Records contained in a dataset:
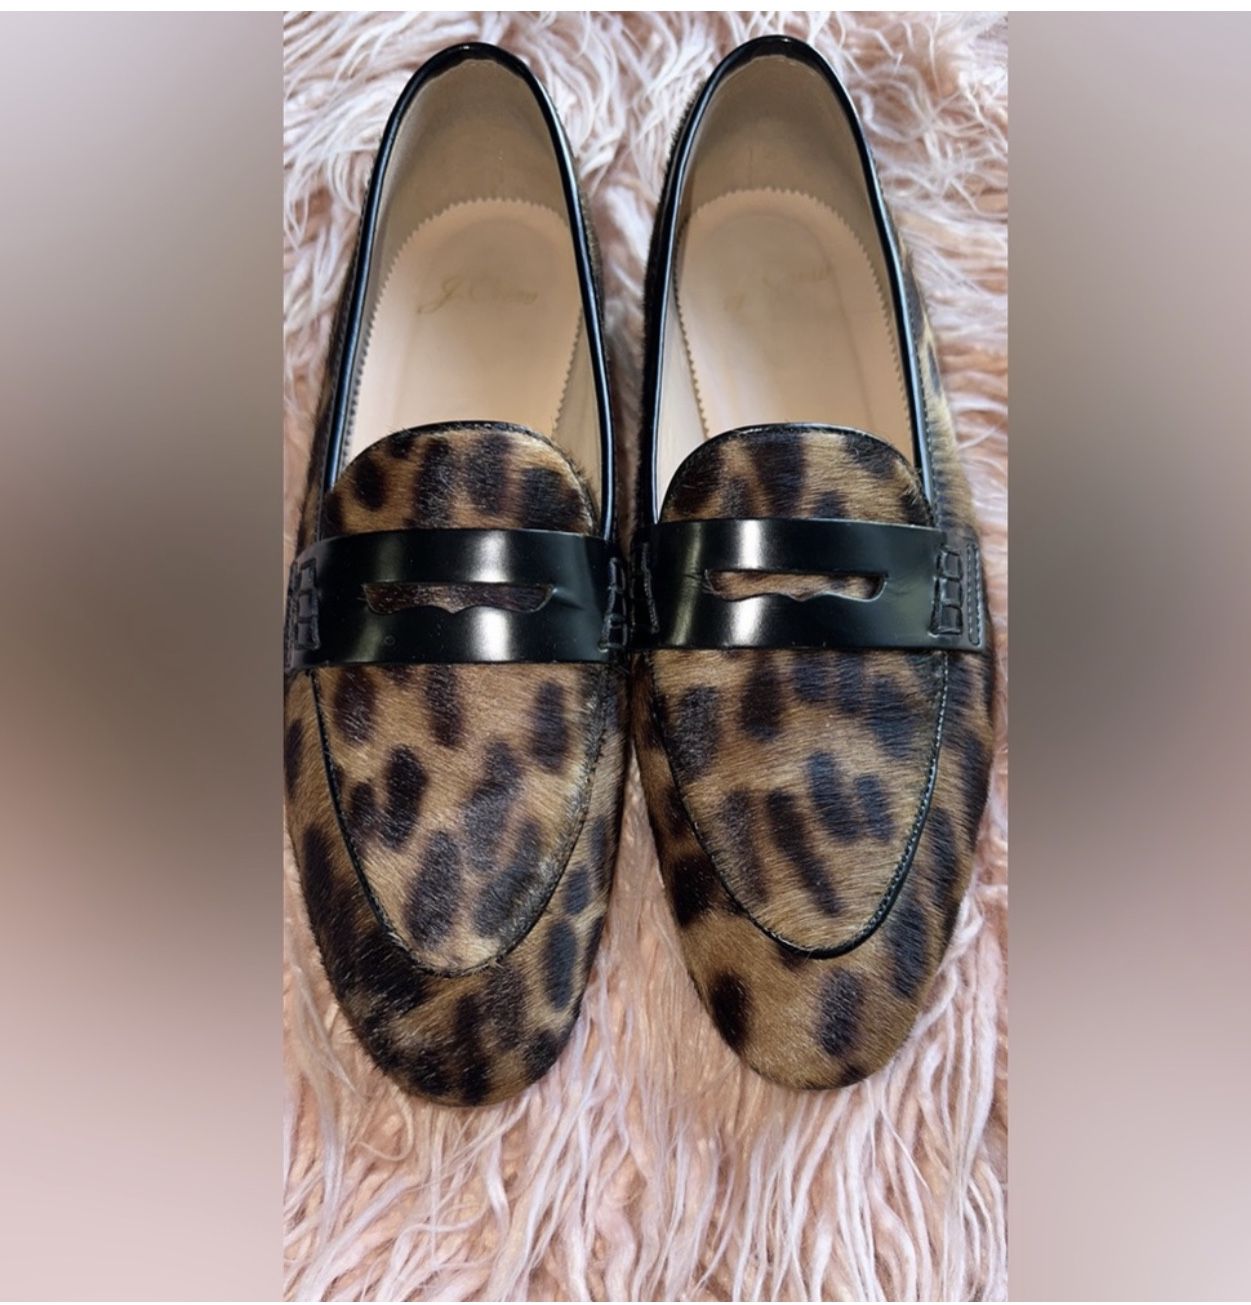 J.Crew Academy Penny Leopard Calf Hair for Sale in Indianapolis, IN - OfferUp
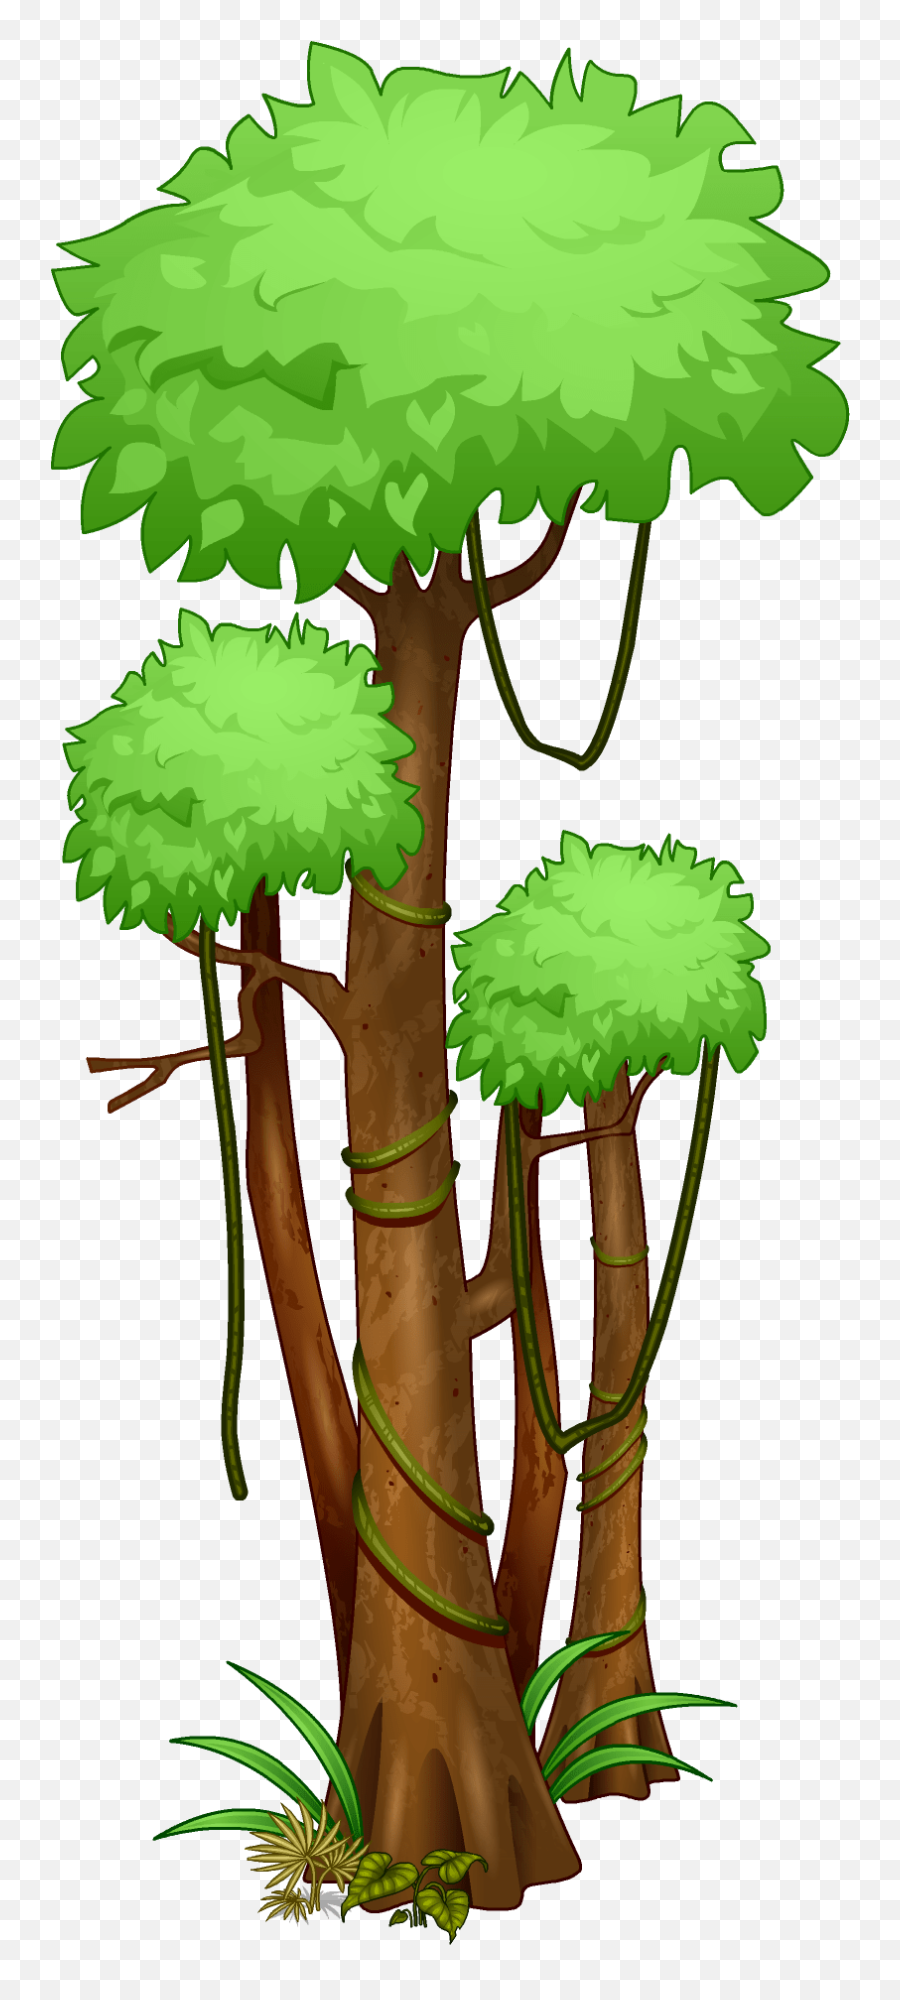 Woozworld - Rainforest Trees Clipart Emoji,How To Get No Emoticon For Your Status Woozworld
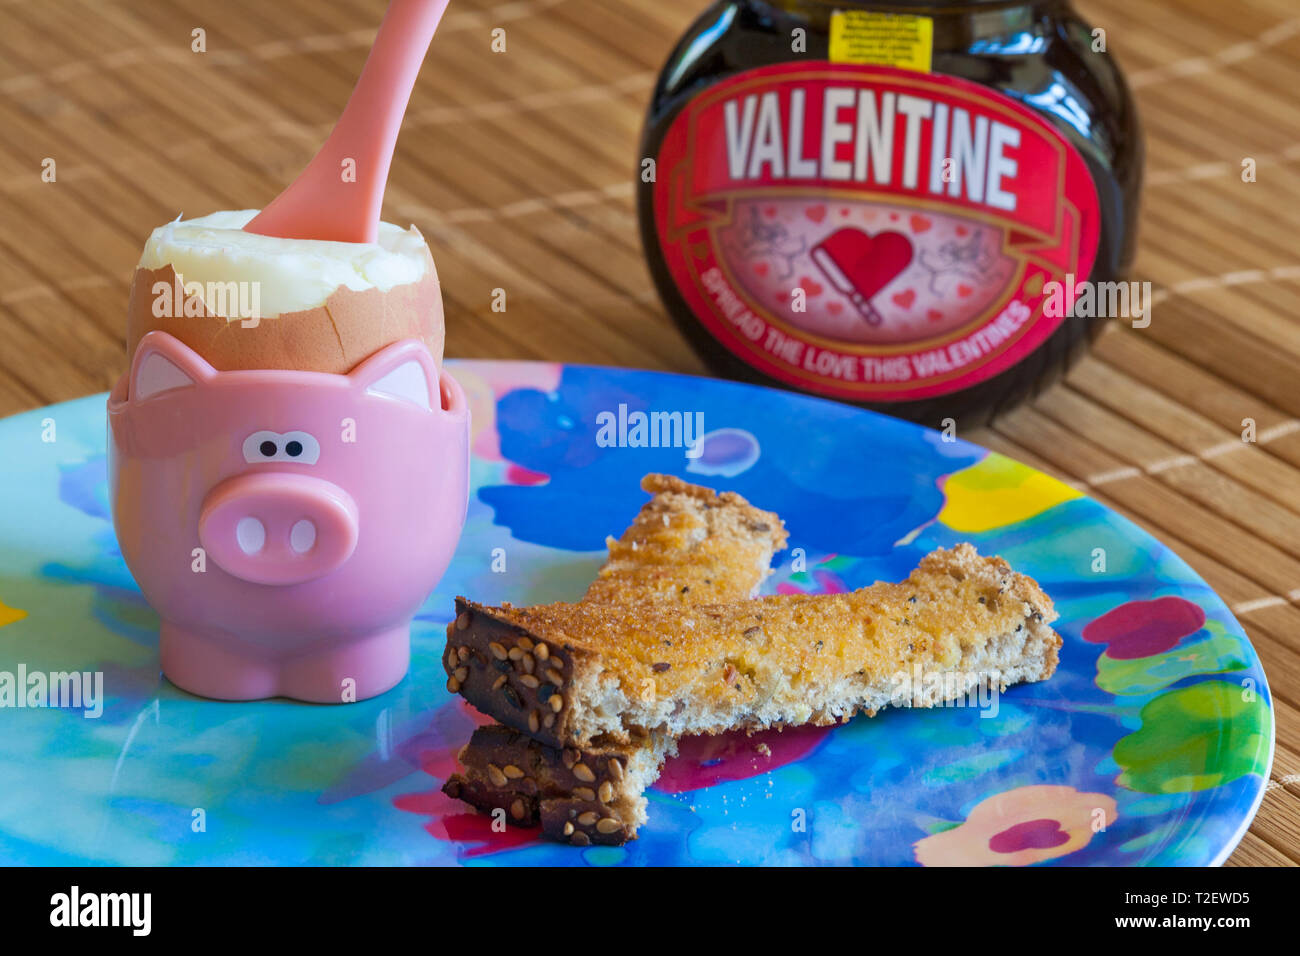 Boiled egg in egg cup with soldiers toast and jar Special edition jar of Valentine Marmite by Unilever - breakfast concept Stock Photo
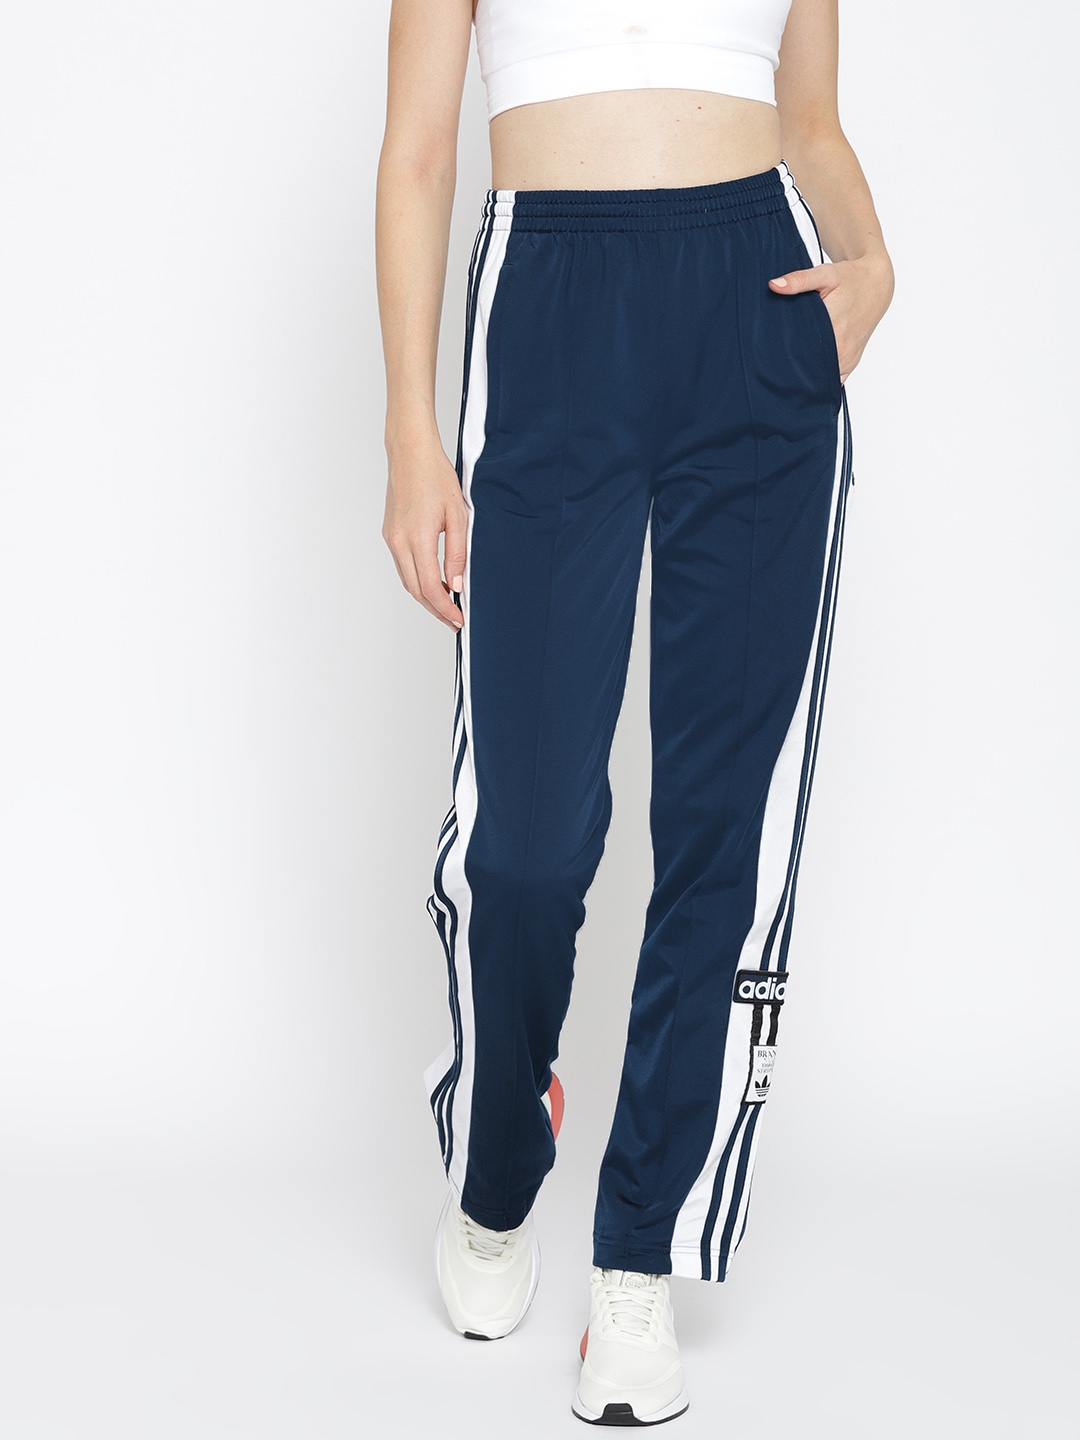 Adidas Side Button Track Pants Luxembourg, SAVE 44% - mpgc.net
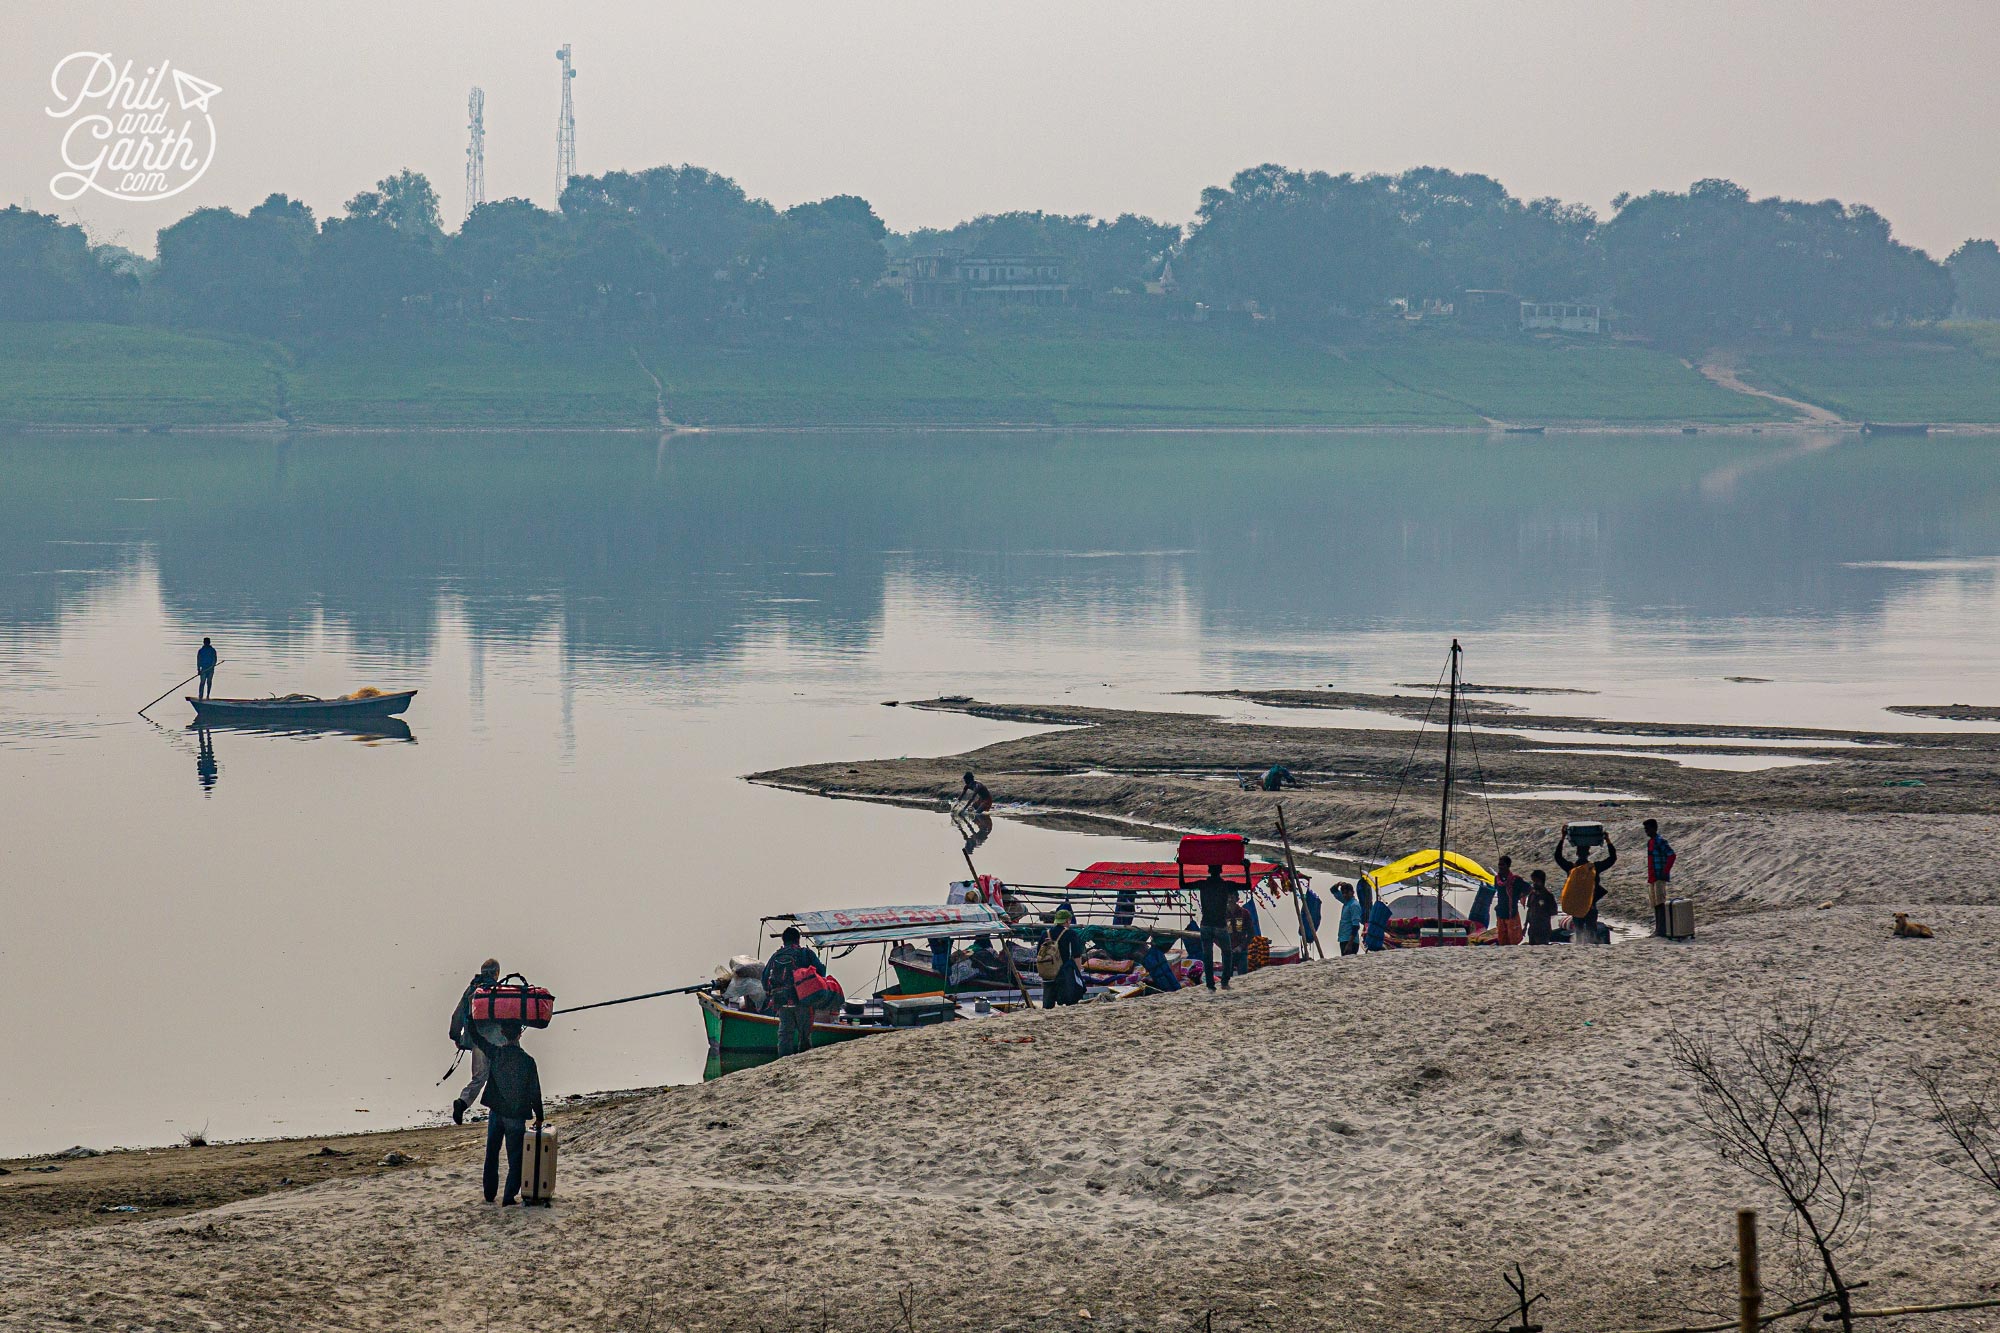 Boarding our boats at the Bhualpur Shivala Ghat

» Exercise objective: Repeat the records above verbatim, dropping the pictures.

» Solution to this task:
 J.Crew Academy Penny Leopard Calf Hair for Sale in Indianapolis, IN - OfferUp
 Woozworld - Rainforest Trees Clipart Emoji,How To Get No Emoticon For Your Status Woozworld
 Boiled egg in egg cup with soldiers toast and jar Special edition jar of Valentine Marmite by Unilever - breakfast concept Stock Photo
 Adidas Side Button Track Pants Luxembourg, SAVE 44% - mpgc.net
 Boarding our boats at the Bhualpur Shivala Ghat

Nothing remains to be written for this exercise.